ICS Cache Lab, Peking University.
This lab will help you understand the impact that cache memories can have on the performance of your C programs.
The lab consists of two parts. In the first part you will write a small C program (about 200-300 lines) that simulates the behavior of a hardware cache memory. In the second part, you will optimize a small matrix transpose function, with the goal of minimizing the number of cache misses.
For more information about this lab, please refer to cachelab.pdf
.
It is recommended to do this lab on Ubuntu 22.04.

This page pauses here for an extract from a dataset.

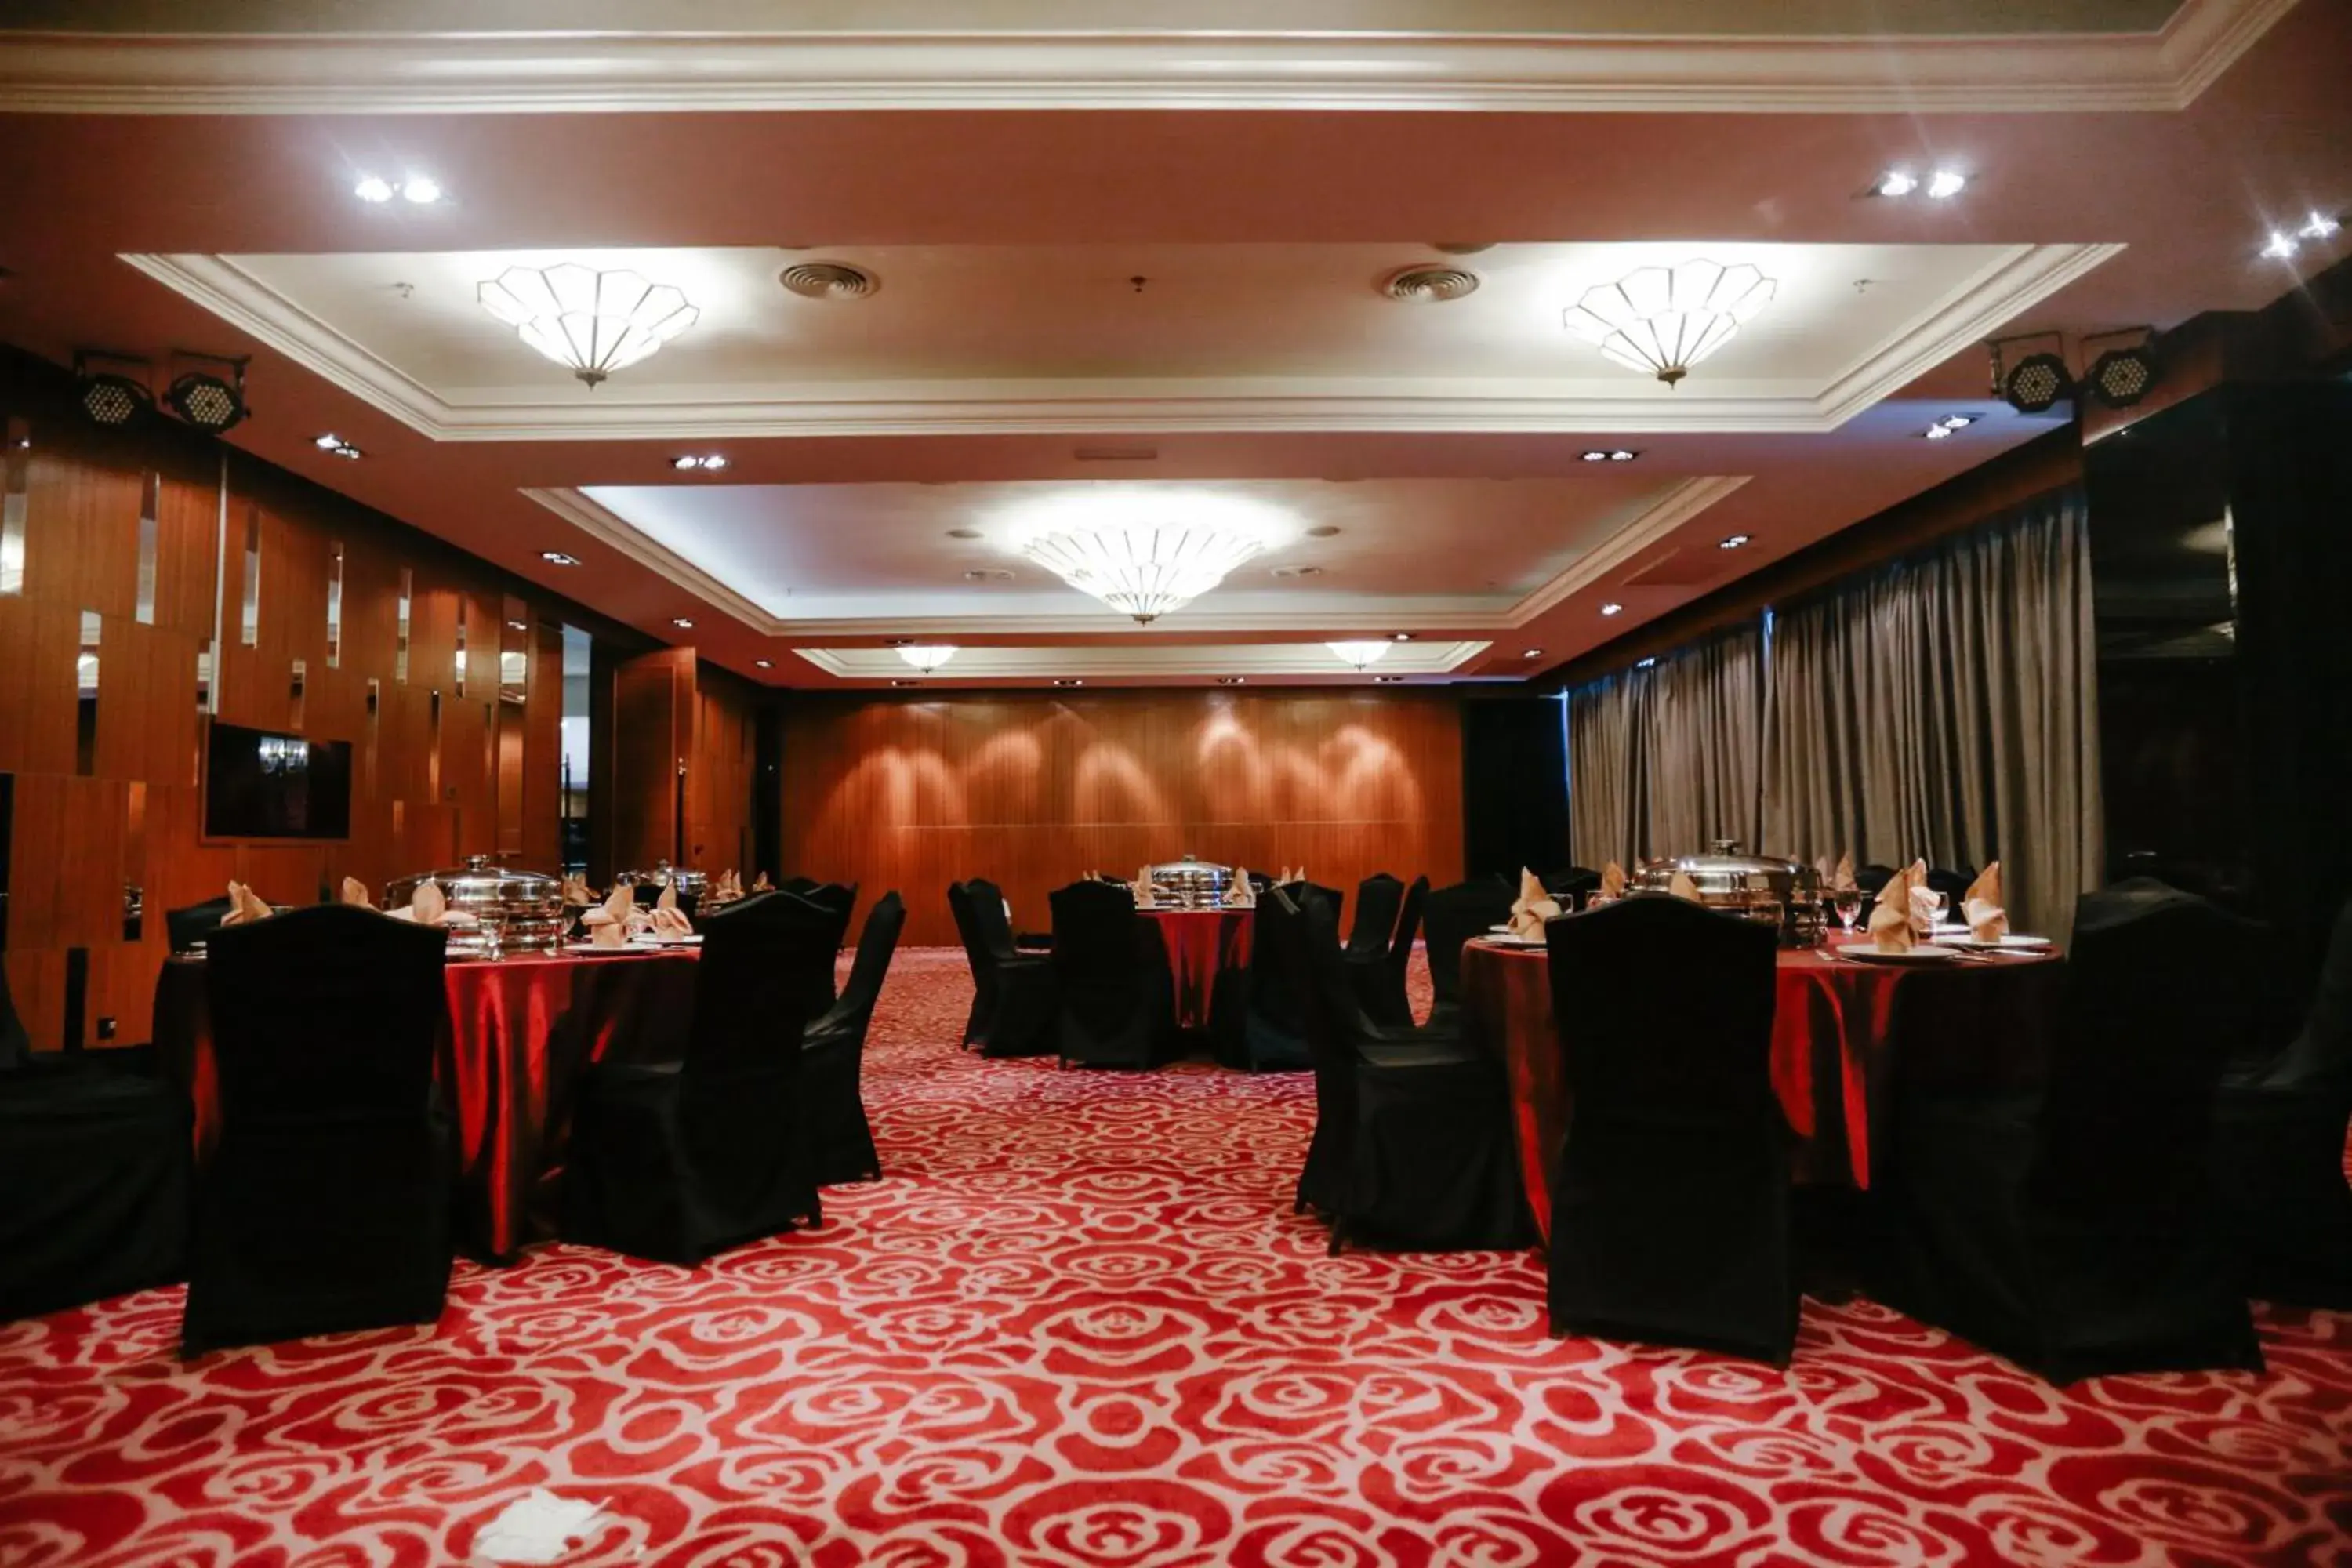 Banquet/Function facilities, Banquet Facilities in Hotel Granada Johor Bahru

Before getting your hands dirty, a Linux program called valgrind
will be doing you a great deal of things. You can type the following command to install valgrind
.
sudo apt install valgrind
My score for this lab is as follows.
Total score | Total misses | Misses (32×32) | Misses (64×64) | Misses (60×68) |
---|---|---|---|---|
53.0 | 2682 | 256 | 1024 | 1402 |
The miss counts of transposing 32×32 and 64×64 matrices are theoretically optimal. The best miss count of transposing a 60×68 matrix in my class is 1382.
I have written a tool in parameter auto-search.cpp
to automatically calculate the miss counts of different transpose methods. All you have to do is to write your transpose function in transpose_submit
using load
and store
.
If you have some parameters in your transpose function, you can search for the best parameters automatically using this tool. I have given an example in parameter auto-search.cpp
. Moreover, this tool enables more advanced approach, such as heuristic search and even neural networks.
Another powerful feature of this tool is that by setting print_codes = true
, it prints out the corresponding C code of your method, which you can paste to trans.c
and submit directly. This feature may come in handy if you are using more advanced approaches.